# Information shown:
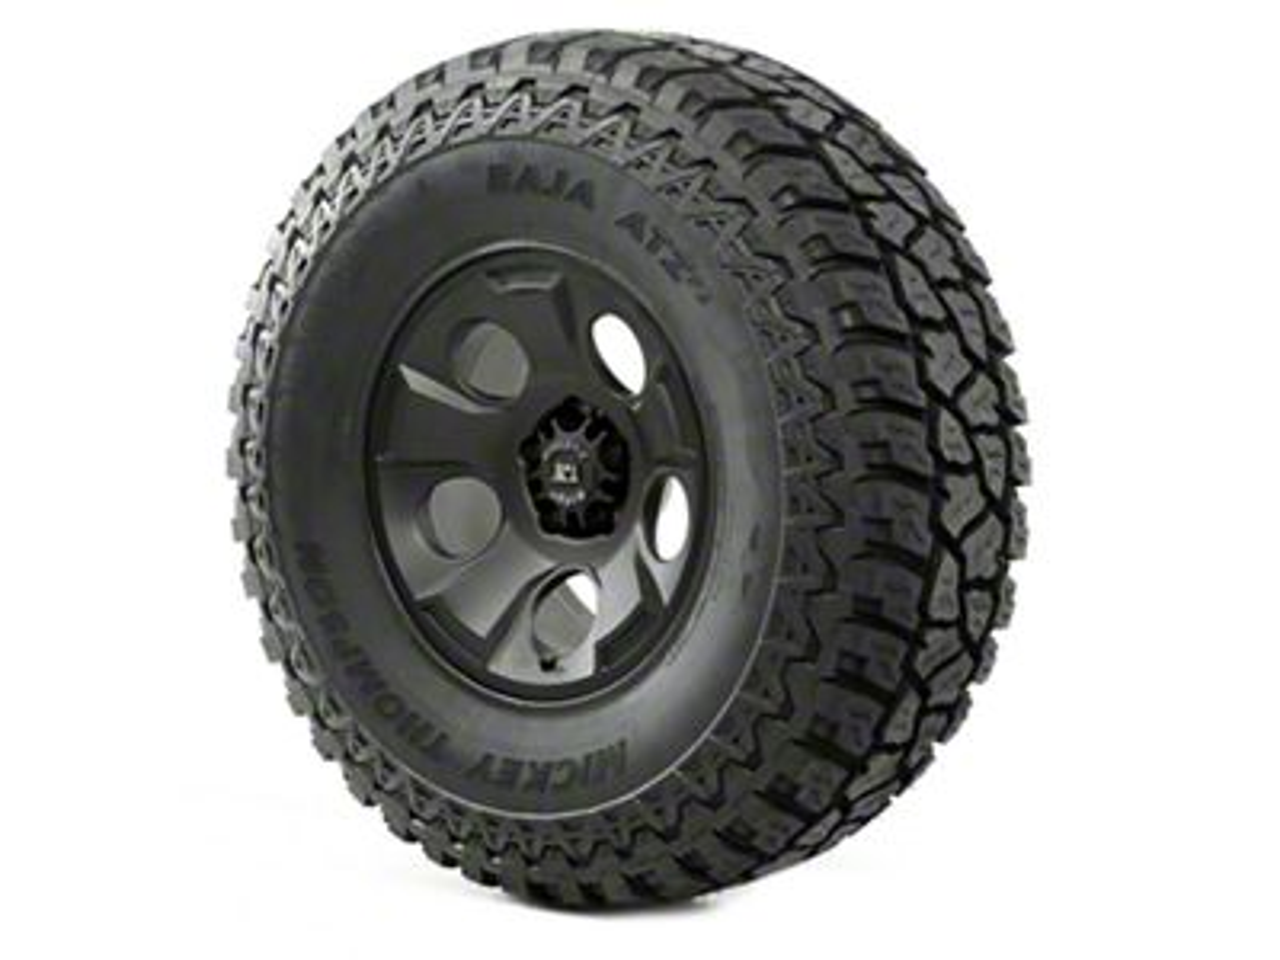 Rugged Ridge Drakon Wheel 17x9 Black Satin and Mickey Thompson ATZ P3 37x12.50x17 Tire (07-18 Jeep Wrangler JK)
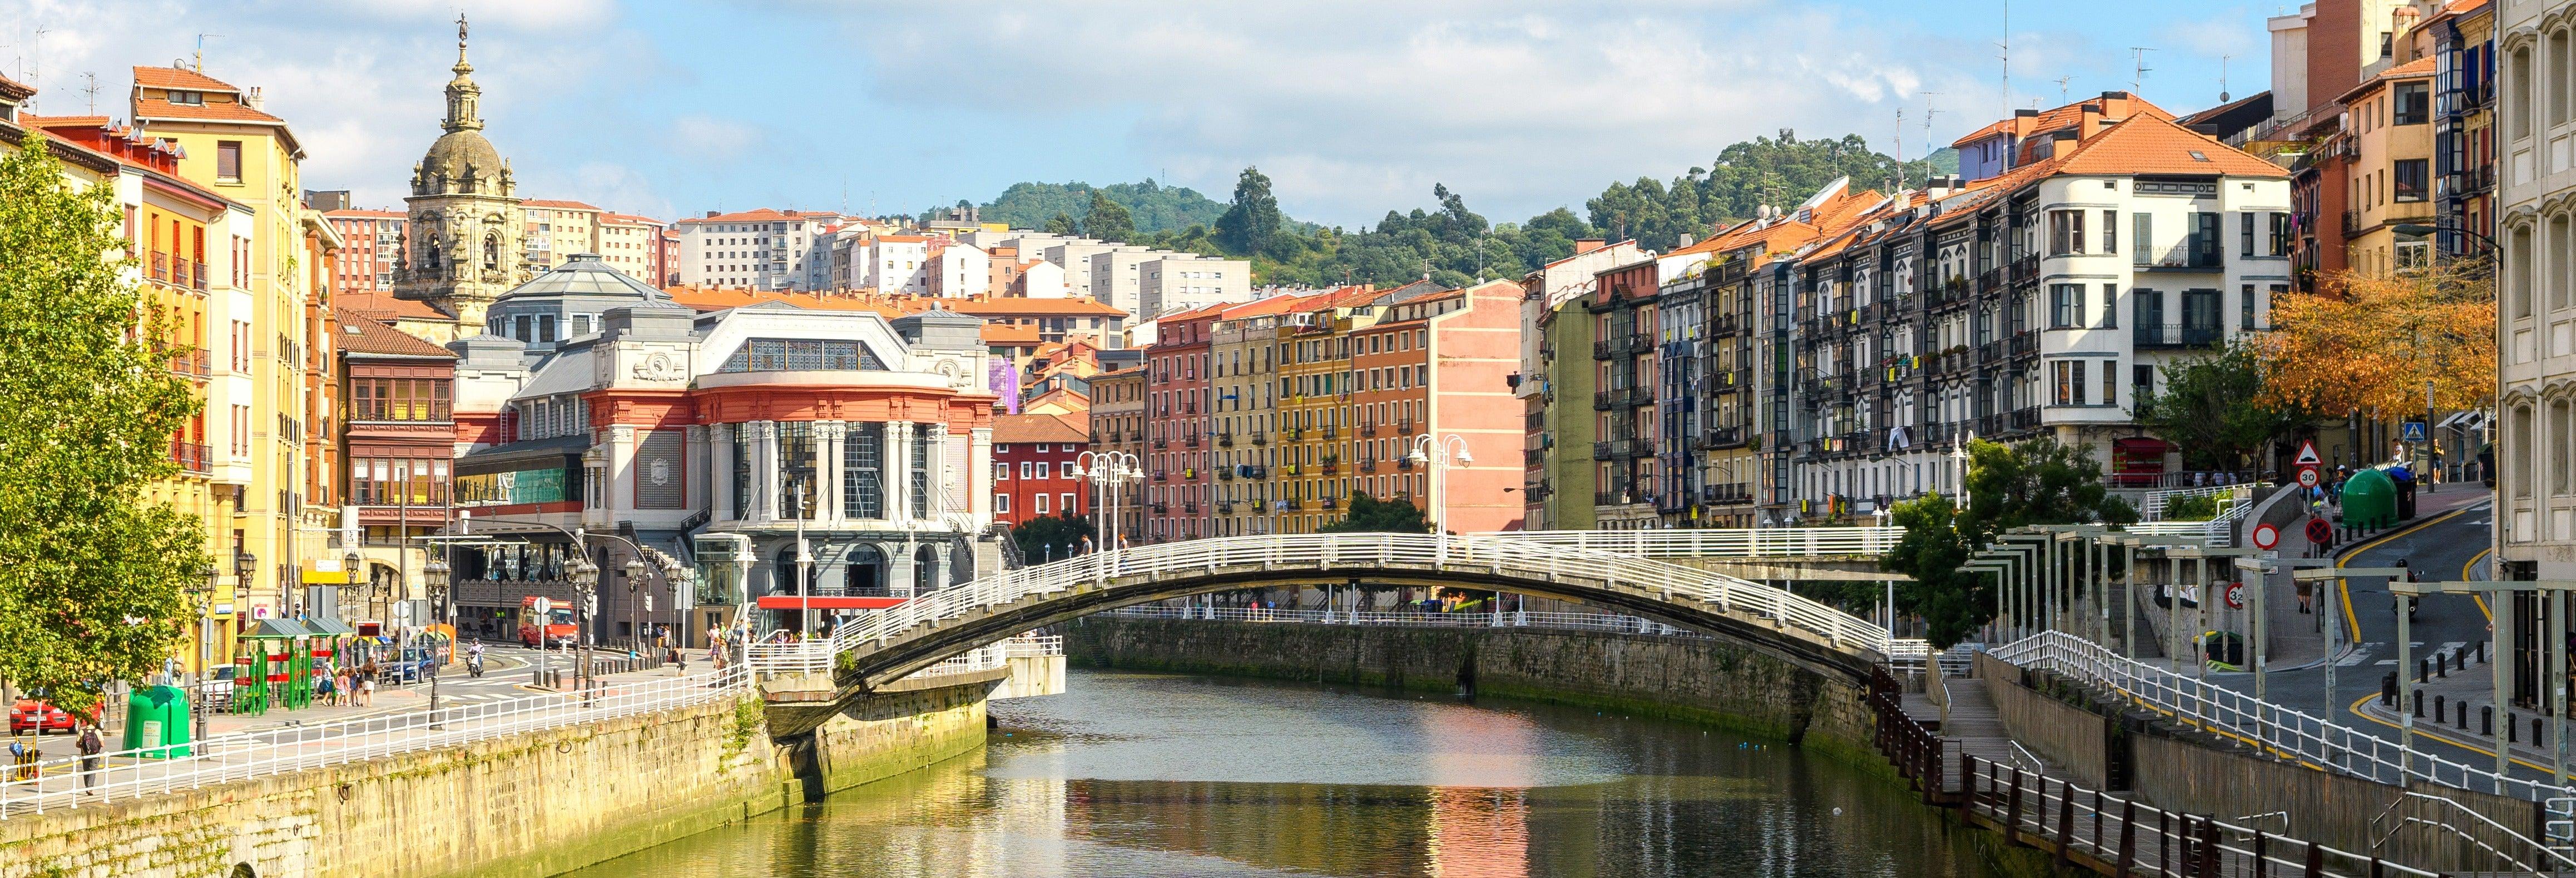 Tour por Bilbao + Funicular de Artxanda
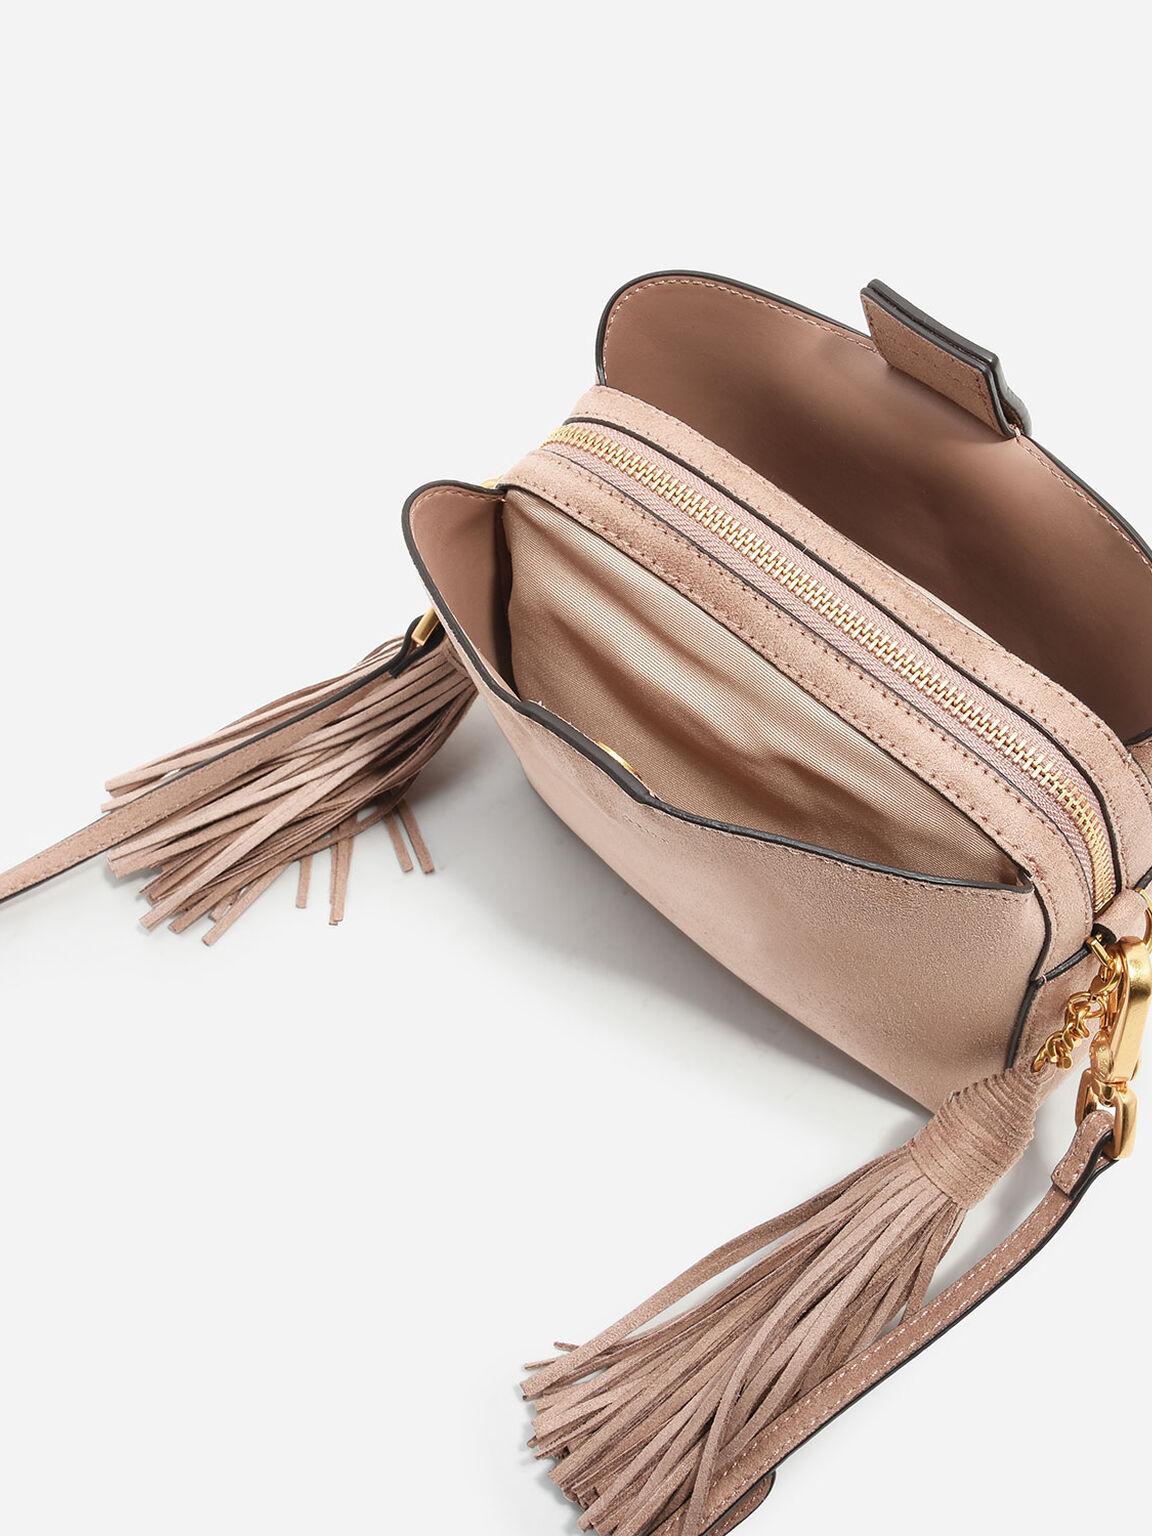 Tassel-Detail Sling Bag, Nude, hi-res
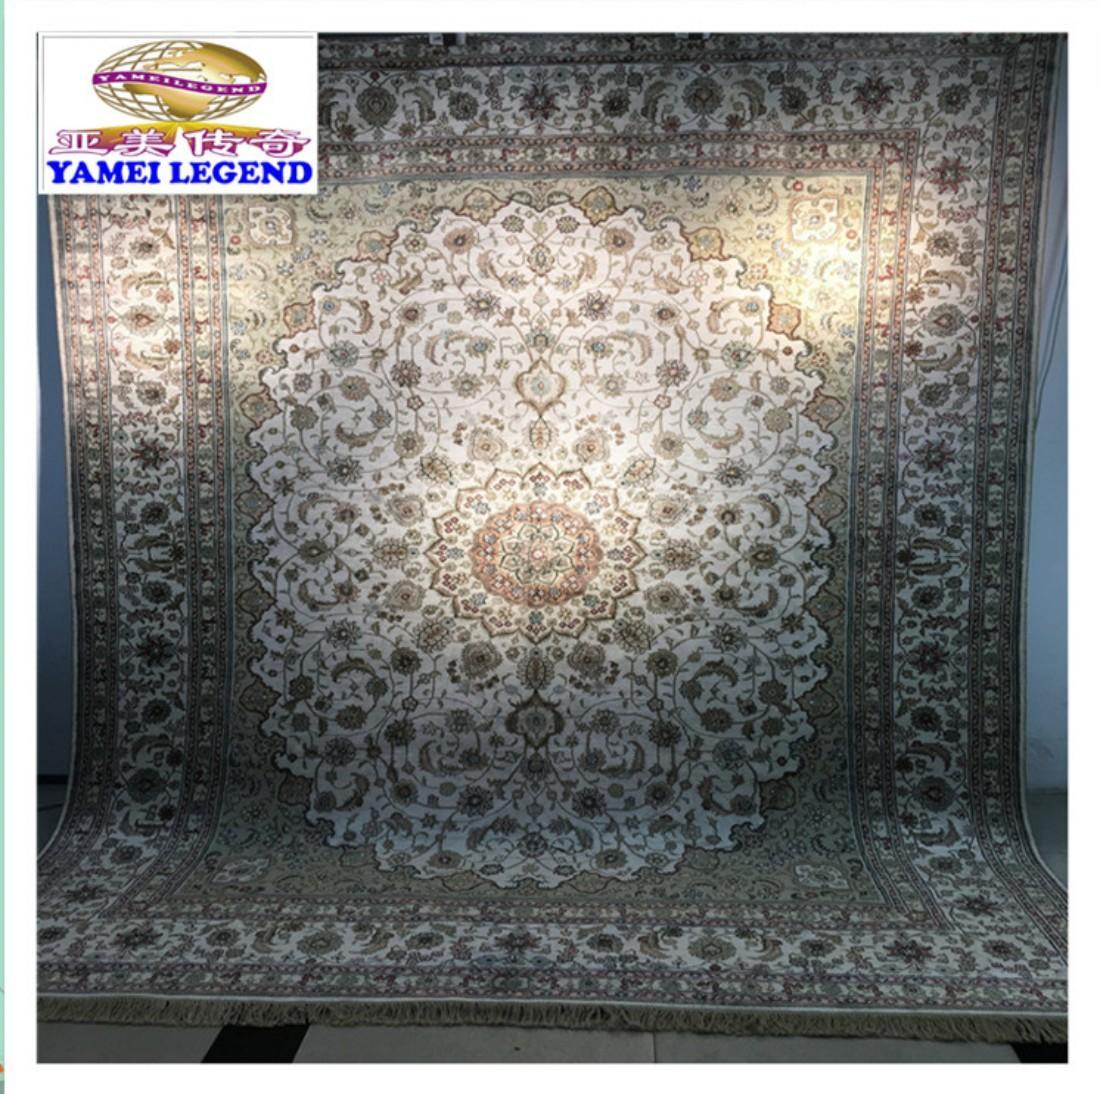 yamei legend discound Silk carpet, Handmade Persian carpet 1

# Task goal:
The required answer is the material repeated exactly, with no images in it.

# Response to this task:
 Rugged Ridge Drakon Wheel 17x9 Black Satin and Mickey Thompson ATZ P3 37x12.50x17 Tire (07-18 Jeep Wrangler JK)
 Tour por Bilbao + Funicular de Artxanda
 Tassel-Detail Sling Bag, Nude, hi-res
 yamei legend discound Silk carpet, Handmade Persian carpet 1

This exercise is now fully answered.